About this task
In the listing below, find the line with "В развале трёхлитрового" and the line with "2019年红茶类包装设计总结", then return them and every line between them exactly, minus the pictures.

Task material

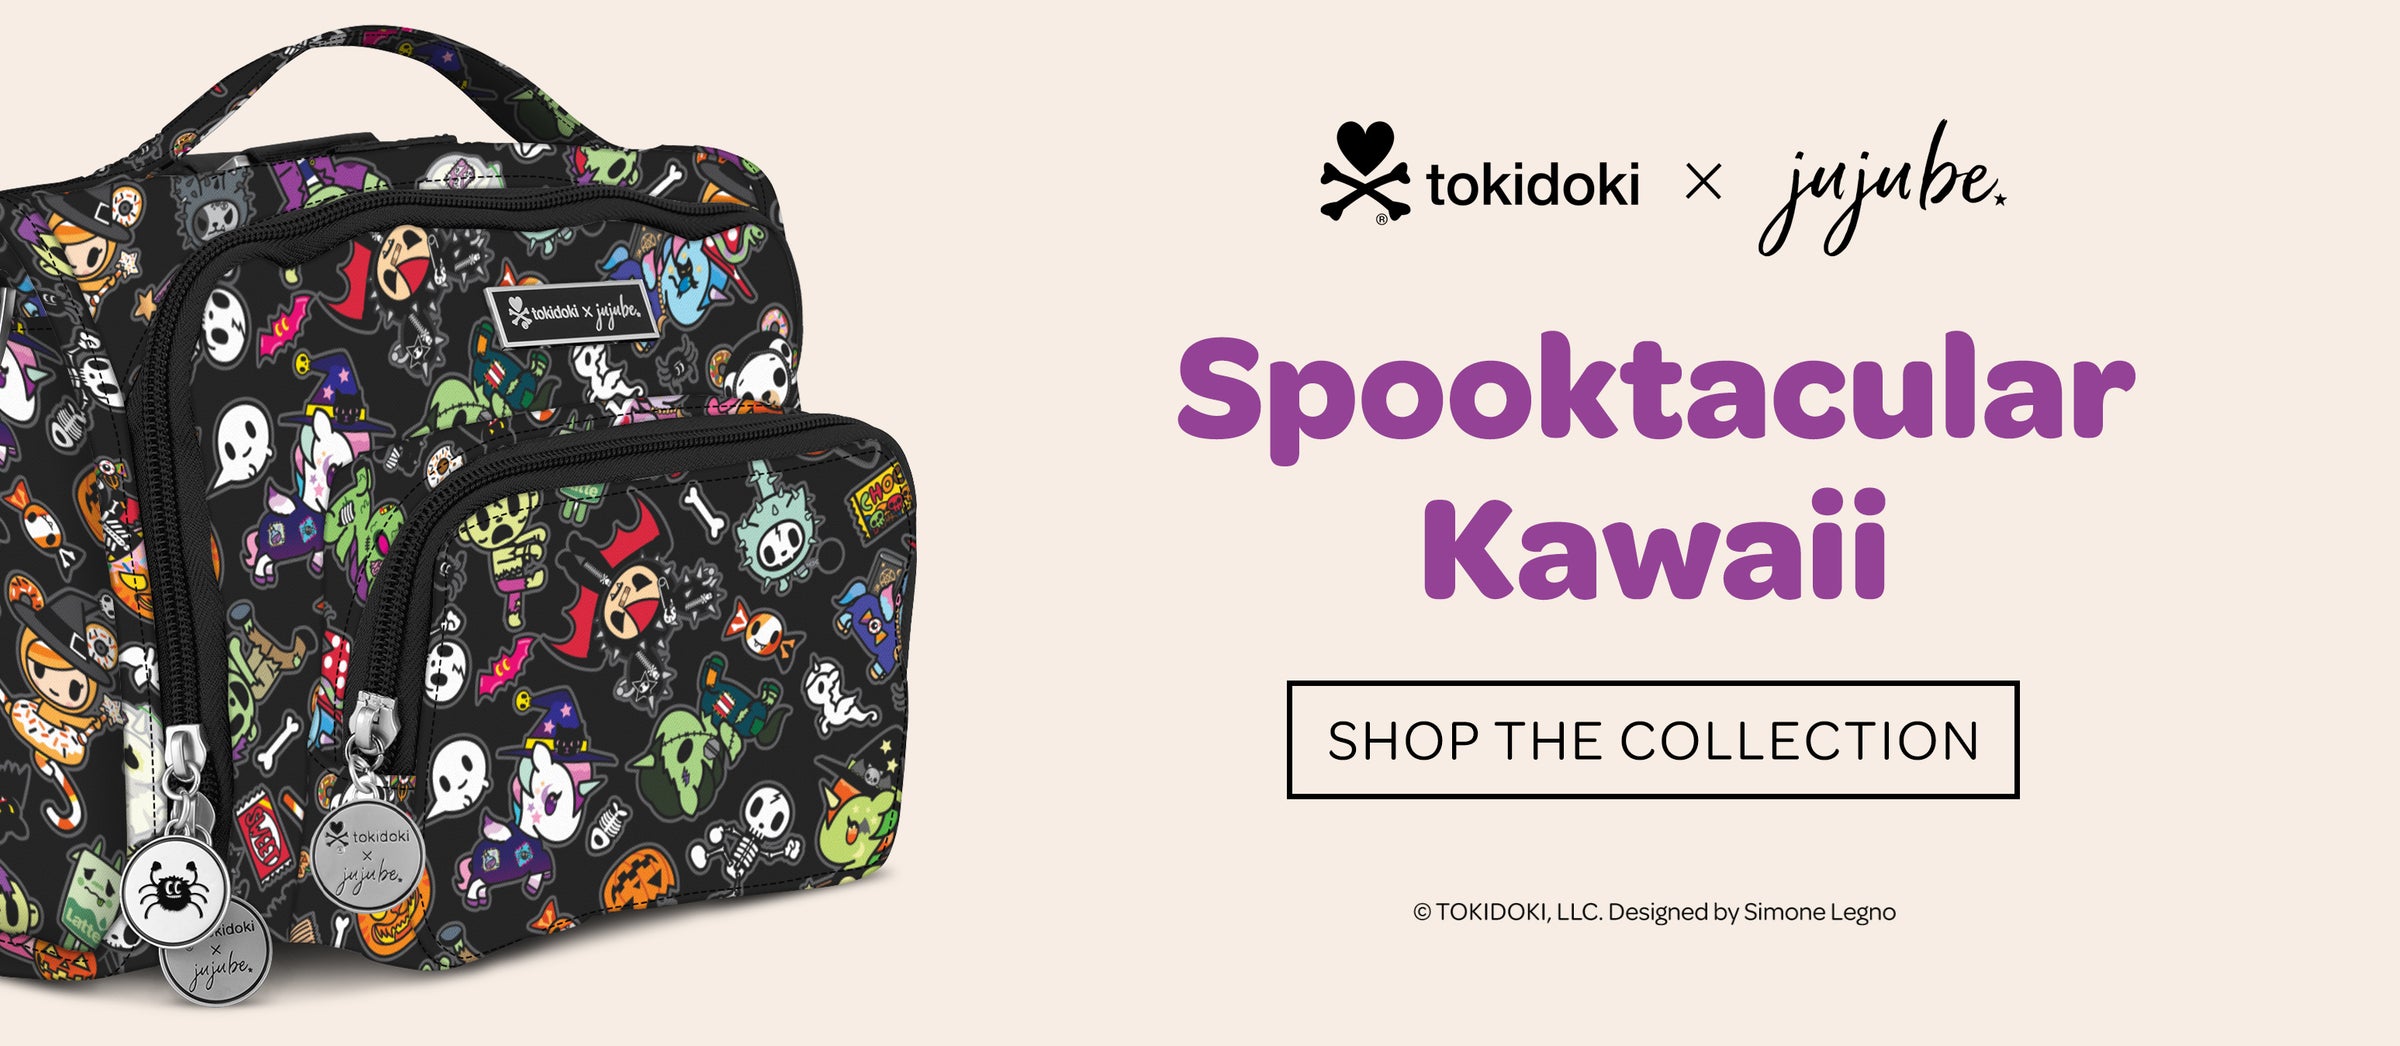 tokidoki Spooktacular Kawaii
==
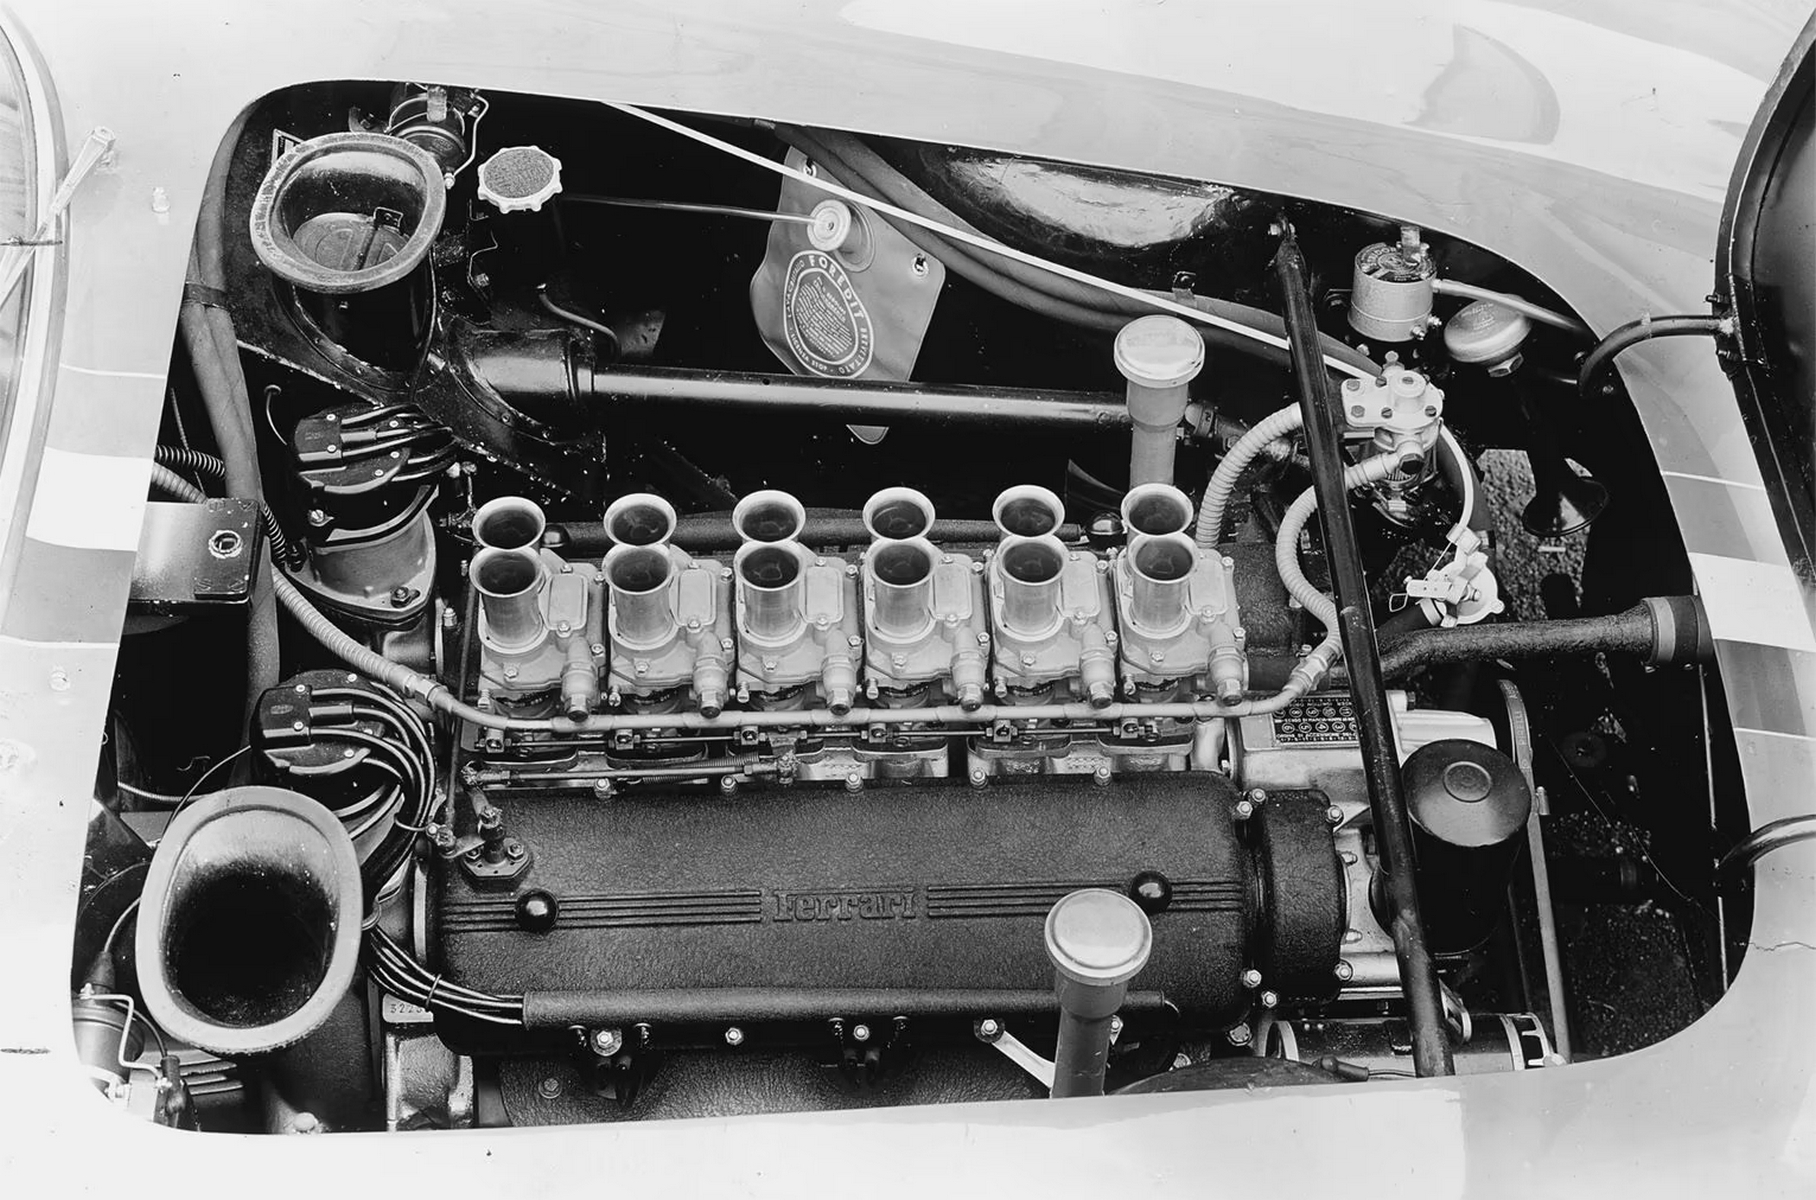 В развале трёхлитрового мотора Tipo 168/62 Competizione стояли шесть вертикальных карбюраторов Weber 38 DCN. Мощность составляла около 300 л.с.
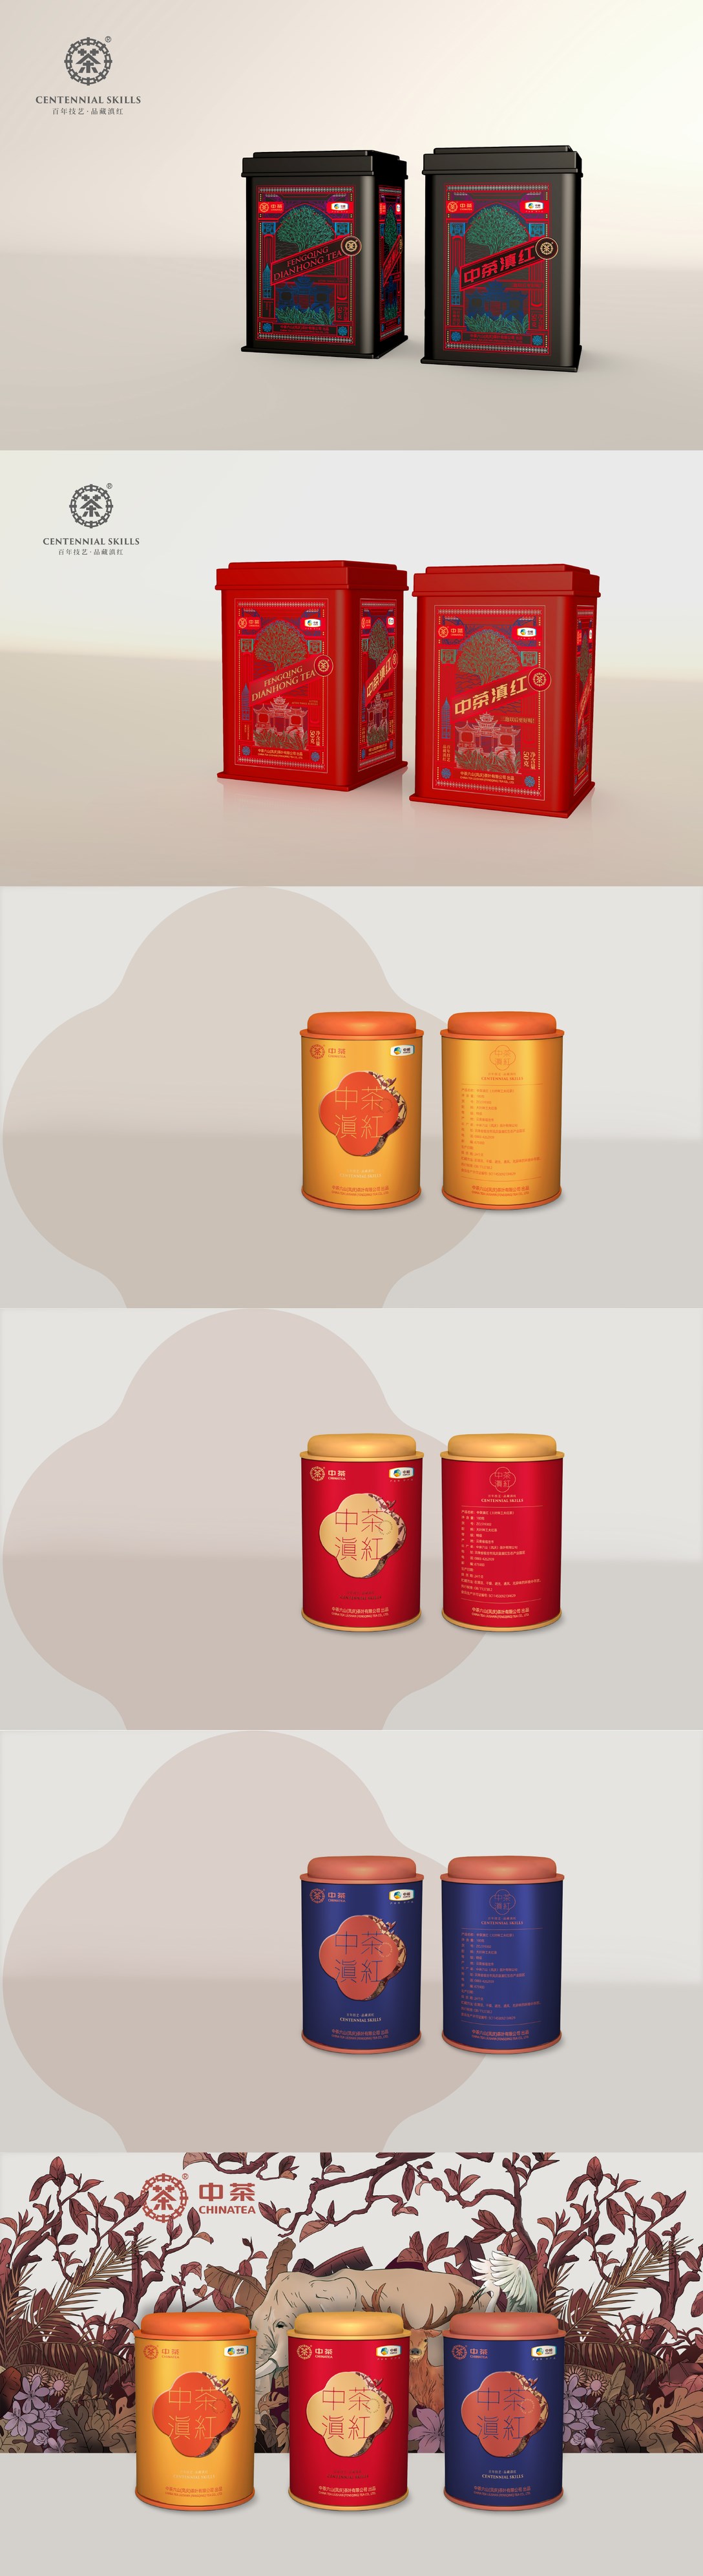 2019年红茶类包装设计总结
==
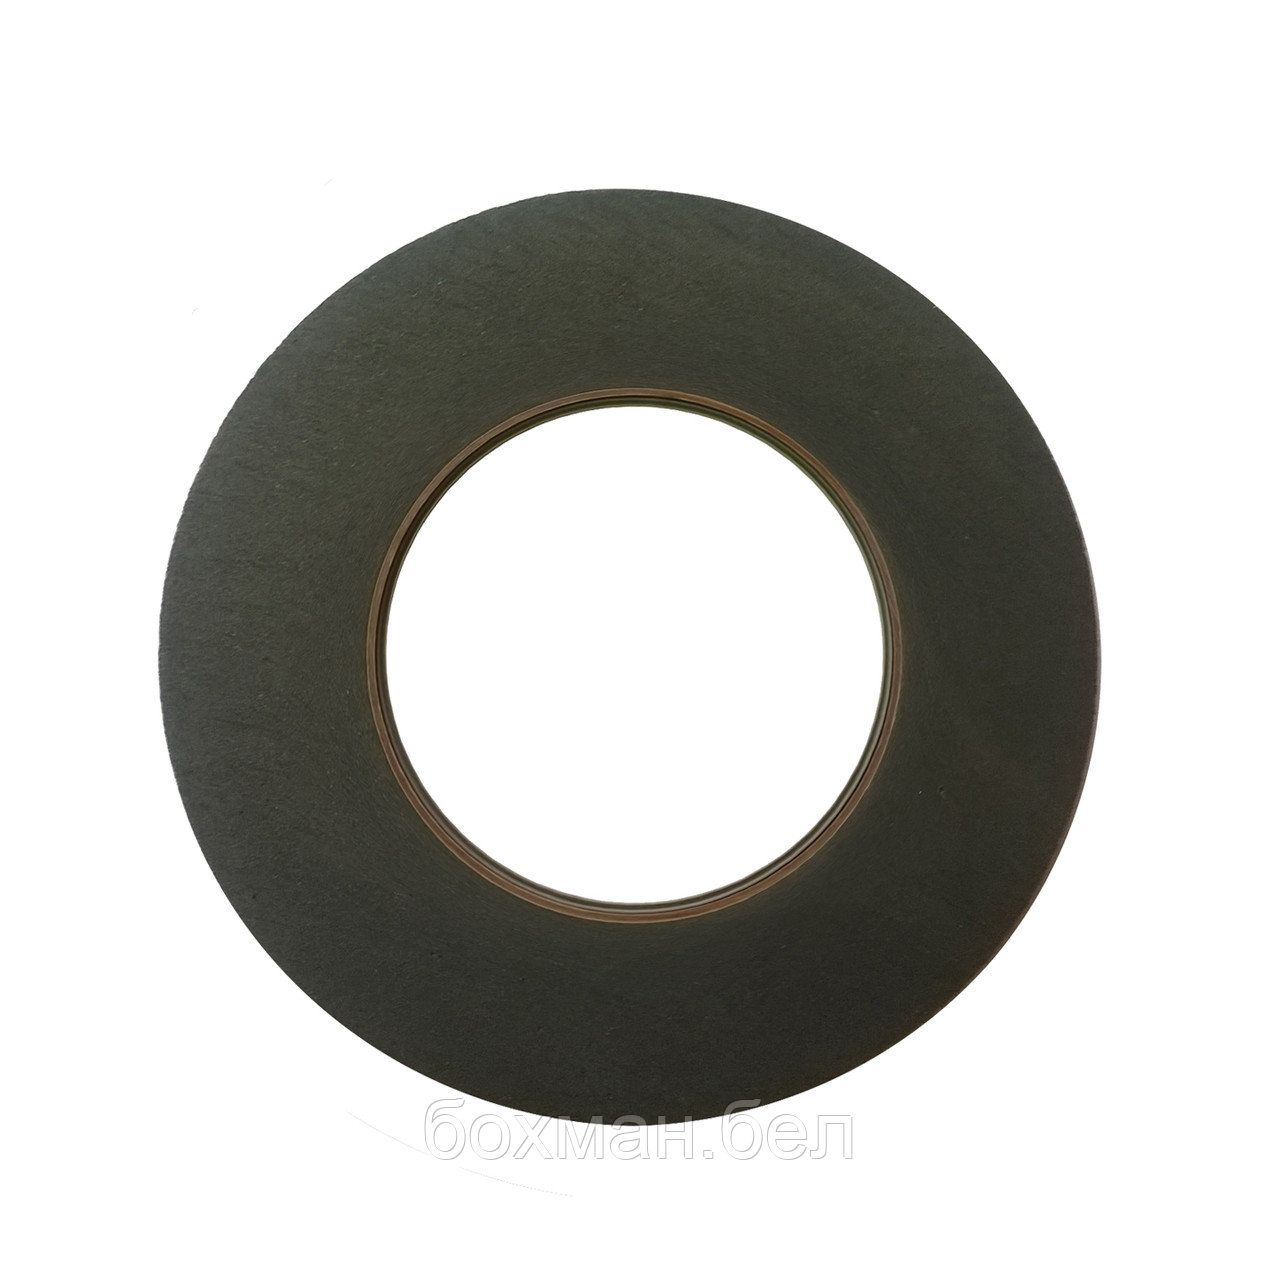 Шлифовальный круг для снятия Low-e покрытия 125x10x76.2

Finished task
 В развале трёхлитрового мотора Tipo 168/62 Competizione стояли шесть вертикальных карбюраторов Weber 38 DCN. Мощность составляла около 300 л.с.
 2019年红茶类包装设计总结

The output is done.